What is that one thing you wish you did before you get married?
Often time, once we crossed a hurdle, it appears it never existed. One of my university lecturers used to say that when you look at people above you, it appears that once they get to the top, they removed the ladder they climb to reach that height. Therefore, those coming behind will have no idea how to reach such position.
It is for this reason that I will like to share this thought with younger folks. So you can have an idea of the hurdle we crossed and learn from it.
One thing I wish I did before getting married. Although I have no regrets, I however think it is important to share this.
The one thing I wish I did differently is seeking knowledge about the marital journey. I wish I learn more, know more at that time. The thing is, there is no school where these things are thought and parents are too busy to also sensitize their children about marriage — the last thing on the priority list.

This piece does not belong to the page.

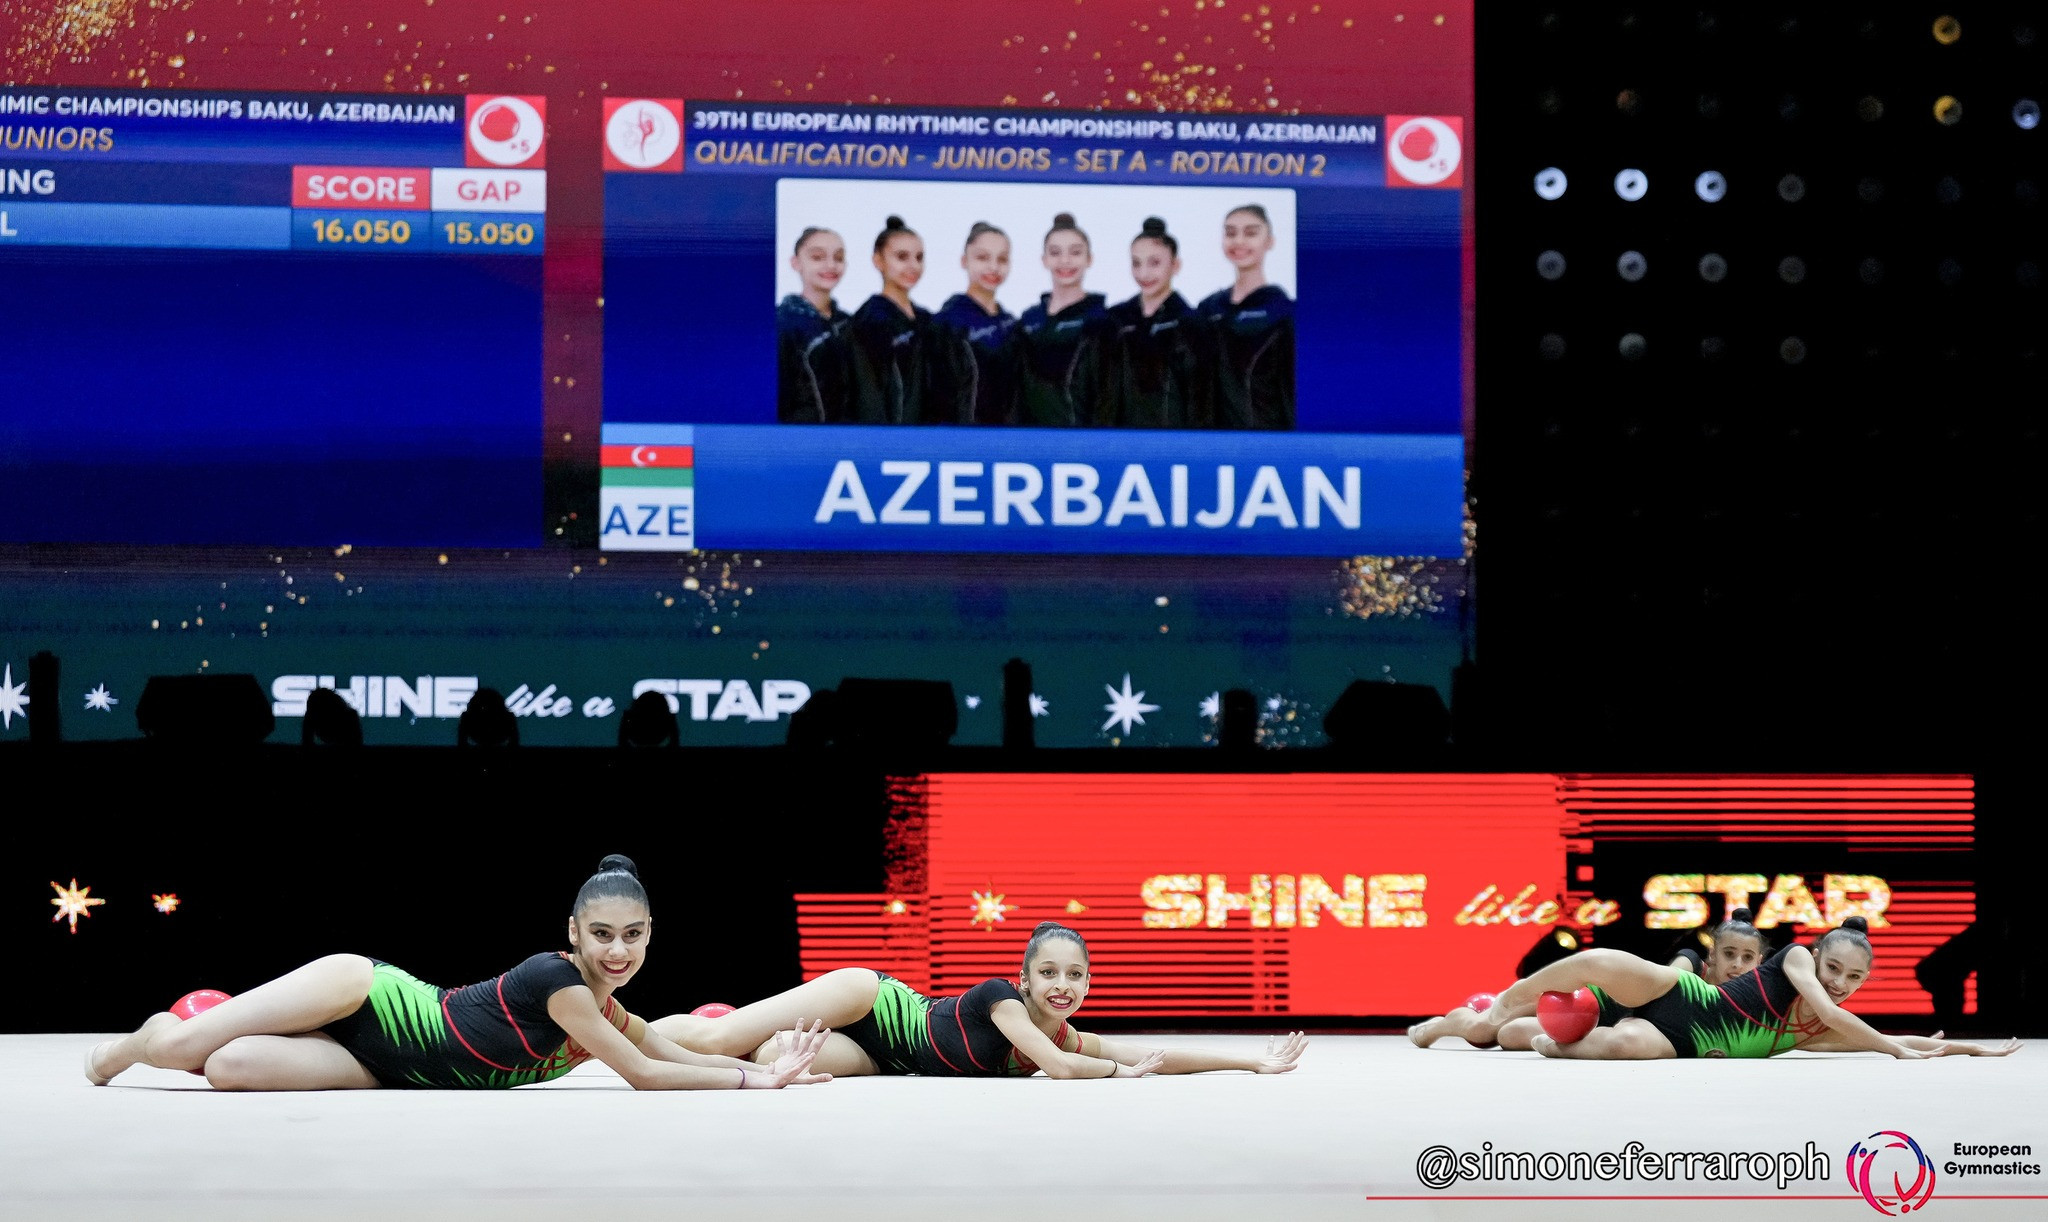 Hosts Azerbaijan got bronze in the all round event today ©European Gymnastics

The onus is however on the adult who felt they are set to marry to seek this knowledge — yes, the knowledge of marriage. Once you feel you’re ripe for marriage, it is imperative that you are responsible enough to stuck yourself up with the necessary skill and tips on how to navigate the journey.
Marriage is never a bed of roses nor Hollywood romantic fantasies. Though, it is also not a bed of thorns as there are so many sweet experiences there, trust me. But, it comes with responsibilities.
It comes with responsibilities that require that you are physically and mentally ready to manage. More importantly, you have to know that you are not marrying only to enjoy the fantasies of honeymoon and candle nights with your spouse, you are committing to work together and create an environment upon which you will nurture a new generation that will come to become responsible adults and not liabilities.
So, parenting becomes another level of responsibility you must be conscious about. This, I wish I learn before getting married. Truth is, I am enjoying the ride big time and I thank Allah for such a blessing. I however believe if I had known more, I would have been able to do certain things differently and by extension, enjoy more.
I was deliberate before getting married, I was clear I truly wanted to swim in the ocean of marital responsibilities, however, with what I now know, I believe I would have been a better husband and father, had I invest in more personal development. I got to know this reality as I grow in marriage and increase in knowledge and experience. I feel if I learn these things earlier enough, I would have been the best husband and father in our time.
So, don’t go in unprepared and the key to preparation is to seek knowledge.
And here, I am not talking about a mere public lecture or motivational speech where you just get excited to start the journey with no tangible skills. I am talking about real hardcore learning such as workshops, seminars, courses that will break everything down and enlighten you with the requisite skills to sail the ship successfully.
There are so many things to learn about — Personal finance, Self-care, Communication, Conflict Resolution, Parenting, Emotional intelligence, Spirituality, etc.
Finally, if you are married, it is never too late to seek knowledge and if you are not, it is good timing to learn about the marital journey.